[Excerpts from a dataset]
☆ ☆ ☆
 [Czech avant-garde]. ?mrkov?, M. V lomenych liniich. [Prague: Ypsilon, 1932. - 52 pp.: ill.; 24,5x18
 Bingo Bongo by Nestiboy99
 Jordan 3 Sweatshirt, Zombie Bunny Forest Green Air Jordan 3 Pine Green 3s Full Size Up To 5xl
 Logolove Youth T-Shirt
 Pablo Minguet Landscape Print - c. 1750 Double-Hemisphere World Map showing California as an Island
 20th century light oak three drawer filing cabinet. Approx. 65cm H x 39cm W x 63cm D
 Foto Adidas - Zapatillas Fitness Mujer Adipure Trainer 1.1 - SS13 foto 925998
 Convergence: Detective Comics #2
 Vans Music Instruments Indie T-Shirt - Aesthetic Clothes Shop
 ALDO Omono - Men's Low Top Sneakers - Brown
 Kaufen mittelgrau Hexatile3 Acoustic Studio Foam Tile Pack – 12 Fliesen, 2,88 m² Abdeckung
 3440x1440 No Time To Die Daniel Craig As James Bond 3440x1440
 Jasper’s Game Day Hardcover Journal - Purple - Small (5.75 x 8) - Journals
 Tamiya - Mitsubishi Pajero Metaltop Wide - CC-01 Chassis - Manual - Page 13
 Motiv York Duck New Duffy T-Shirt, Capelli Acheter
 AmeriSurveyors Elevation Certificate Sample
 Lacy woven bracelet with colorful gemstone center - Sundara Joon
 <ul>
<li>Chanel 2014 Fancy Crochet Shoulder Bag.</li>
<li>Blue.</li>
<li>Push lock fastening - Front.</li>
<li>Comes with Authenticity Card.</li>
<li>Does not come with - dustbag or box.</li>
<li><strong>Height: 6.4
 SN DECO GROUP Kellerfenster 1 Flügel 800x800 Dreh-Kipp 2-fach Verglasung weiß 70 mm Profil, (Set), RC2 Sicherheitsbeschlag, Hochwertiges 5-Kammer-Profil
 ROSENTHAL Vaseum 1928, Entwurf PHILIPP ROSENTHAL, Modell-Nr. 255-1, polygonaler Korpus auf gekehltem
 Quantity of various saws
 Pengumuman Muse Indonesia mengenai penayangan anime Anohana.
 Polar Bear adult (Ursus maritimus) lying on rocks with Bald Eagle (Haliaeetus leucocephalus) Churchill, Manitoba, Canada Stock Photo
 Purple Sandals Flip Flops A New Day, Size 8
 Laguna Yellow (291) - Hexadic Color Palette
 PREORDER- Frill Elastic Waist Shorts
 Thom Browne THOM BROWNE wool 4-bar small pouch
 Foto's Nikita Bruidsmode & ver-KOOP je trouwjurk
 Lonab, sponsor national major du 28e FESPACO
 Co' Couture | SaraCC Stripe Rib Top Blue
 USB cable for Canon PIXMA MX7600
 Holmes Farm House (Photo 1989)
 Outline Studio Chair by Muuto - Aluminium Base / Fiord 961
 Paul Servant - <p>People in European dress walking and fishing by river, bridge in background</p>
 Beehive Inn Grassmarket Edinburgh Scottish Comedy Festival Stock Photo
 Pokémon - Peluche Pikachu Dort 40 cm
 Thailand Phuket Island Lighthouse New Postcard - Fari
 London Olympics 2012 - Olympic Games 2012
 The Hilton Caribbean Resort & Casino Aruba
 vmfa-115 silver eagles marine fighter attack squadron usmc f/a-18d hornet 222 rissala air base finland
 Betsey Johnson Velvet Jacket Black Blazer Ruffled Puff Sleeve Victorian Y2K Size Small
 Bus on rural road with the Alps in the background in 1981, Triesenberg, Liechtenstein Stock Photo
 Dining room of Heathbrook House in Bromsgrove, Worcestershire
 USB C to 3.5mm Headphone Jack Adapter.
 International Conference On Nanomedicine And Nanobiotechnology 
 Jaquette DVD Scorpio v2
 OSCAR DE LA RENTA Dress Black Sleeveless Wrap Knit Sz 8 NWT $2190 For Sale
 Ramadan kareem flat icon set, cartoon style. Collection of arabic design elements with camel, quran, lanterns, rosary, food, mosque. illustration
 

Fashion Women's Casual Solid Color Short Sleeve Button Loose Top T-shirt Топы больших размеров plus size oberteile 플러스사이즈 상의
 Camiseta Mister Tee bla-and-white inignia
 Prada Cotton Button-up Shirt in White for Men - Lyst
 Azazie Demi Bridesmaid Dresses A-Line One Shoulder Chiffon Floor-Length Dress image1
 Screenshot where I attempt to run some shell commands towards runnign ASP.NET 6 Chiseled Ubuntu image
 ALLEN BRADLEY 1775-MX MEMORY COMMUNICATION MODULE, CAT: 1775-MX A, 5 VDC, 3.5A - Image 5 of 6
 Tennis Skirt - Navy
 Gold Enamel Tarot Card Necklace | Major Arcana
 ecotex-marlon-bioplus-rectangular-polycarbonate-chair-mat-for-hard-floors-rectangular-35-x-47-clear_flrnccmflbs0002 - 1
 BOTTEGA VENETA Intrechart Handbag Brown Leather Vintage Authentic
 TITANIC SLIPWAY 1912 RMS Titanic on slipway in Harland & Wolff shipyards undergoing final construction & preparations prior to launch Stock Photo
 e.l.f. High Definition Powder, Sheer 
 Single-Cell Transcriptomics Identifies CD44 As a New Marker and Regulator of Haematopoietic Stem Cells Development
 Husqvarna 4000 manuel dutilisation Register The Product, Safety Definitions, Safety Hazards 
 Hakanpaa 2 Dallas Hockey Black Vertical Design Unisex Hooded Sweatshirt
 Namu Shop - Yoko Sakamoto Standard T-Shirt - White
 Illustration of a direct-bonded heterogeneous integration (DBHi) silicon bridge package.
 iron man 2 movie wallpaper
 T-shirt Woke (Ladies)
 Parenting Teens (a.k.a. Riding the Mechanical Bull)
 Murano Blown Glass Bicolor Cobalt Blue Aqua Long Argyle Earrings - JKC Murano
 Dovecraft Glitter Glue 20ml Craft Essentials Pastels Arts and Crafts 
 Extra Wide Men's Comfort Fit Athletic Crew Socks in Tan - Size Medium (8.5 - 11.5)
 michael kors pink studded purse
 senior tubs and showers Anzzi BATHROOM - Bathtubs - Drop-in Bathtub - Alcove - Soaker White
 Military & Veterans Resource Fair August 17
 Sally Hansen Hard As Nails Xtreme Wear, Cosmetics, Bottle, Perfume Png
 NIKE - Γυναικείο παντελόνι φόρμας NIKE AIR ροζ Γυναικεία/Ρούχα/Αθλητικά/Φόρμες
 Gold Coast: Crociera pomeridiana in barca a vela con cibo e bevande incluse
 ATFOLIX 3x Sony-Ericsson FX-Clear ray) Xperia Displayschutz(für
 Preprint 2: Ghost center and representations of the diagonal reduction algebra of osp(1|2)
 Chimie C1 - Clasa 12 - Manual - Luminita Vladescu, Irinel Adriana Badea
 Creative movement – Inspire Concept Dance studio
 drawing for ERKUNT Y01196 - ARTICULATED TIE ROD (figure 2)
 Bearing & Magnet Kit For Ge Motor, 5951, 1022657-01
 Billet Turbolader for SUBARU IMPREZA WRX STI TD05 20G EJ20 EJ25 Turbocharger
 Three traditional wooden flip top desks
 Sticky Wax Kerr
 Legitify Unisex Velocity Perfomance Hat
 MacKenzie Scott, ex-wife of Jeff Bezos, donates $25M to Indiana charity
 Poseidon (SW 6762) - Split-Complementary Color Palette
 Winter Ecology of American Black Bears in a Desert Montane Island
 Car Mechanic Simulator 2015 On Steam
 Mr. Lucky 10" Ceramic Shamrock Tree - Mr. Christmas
☆ ☆ ☆
What you should do:
Using the records above, restate word for word the lines from the one with "Paul Servant - <p>People" through the one with "Azazie Demi Bridesmaid", both included.

Solution to this exercise:
 Paul Servant - <p>People in European dress walking and fishing by river, bridge in background</p>
 Beehive Inn Grassmarket Edinburgh Scottish Comedy Festival Stock Photo
 Pokémon - Peluche Pikachu Dort 40 cm
 Thailand Phuket Island Lighthouse New Postcard - Fari
 London Olympics 2012 - Olympic Games 2012
 The Hilton Caribbean Resort & Casino Aruba
 vmfa-115 silver eagles marine fighter attack squadron usmc f/a-18d hornet 222 rissala air base finland
 Betsey Johnson Velvet Jacket Black Blazer Ruffled Puff Sleeve Victorian Y2K Size Small
 Bus on rural road with the Alps in the background in 1981, Triesenberg, Liechtenstein Stock Photo
 Dining room of Heathbrook House in Bromsgrove, Worcestershire
 USB C to 3.5mm Headphone Jack Adapter.
 International Conference On Nanomedicine And Nanobiotechnology 
 Jaquette DVD Scorpio v2
 OSCAR DE LA RENTA Dress Black Sleeveless Wrap Knit Sz 8 NWT $2190 For Sale
 Ramadan kareem flat icon set, cartoon style. Collection of arabic design elements with camel, quran, lanterns, rosary, food, mosque. illustration
 

Fashion Women's Casual Solid Color Short Sleeve Button Loose Top T-shirt Топы больших размеров plus size oberteile 플러스사이즈 상의
 Camiseta Mister Tee bla-and-white inignia
 Prada Cotton Button-up Shirt in White for Men - Lyst
 Azazie Demi Bridesmaid Dresses A-Line One Shoulder Chiffon Floor-Length Dress image1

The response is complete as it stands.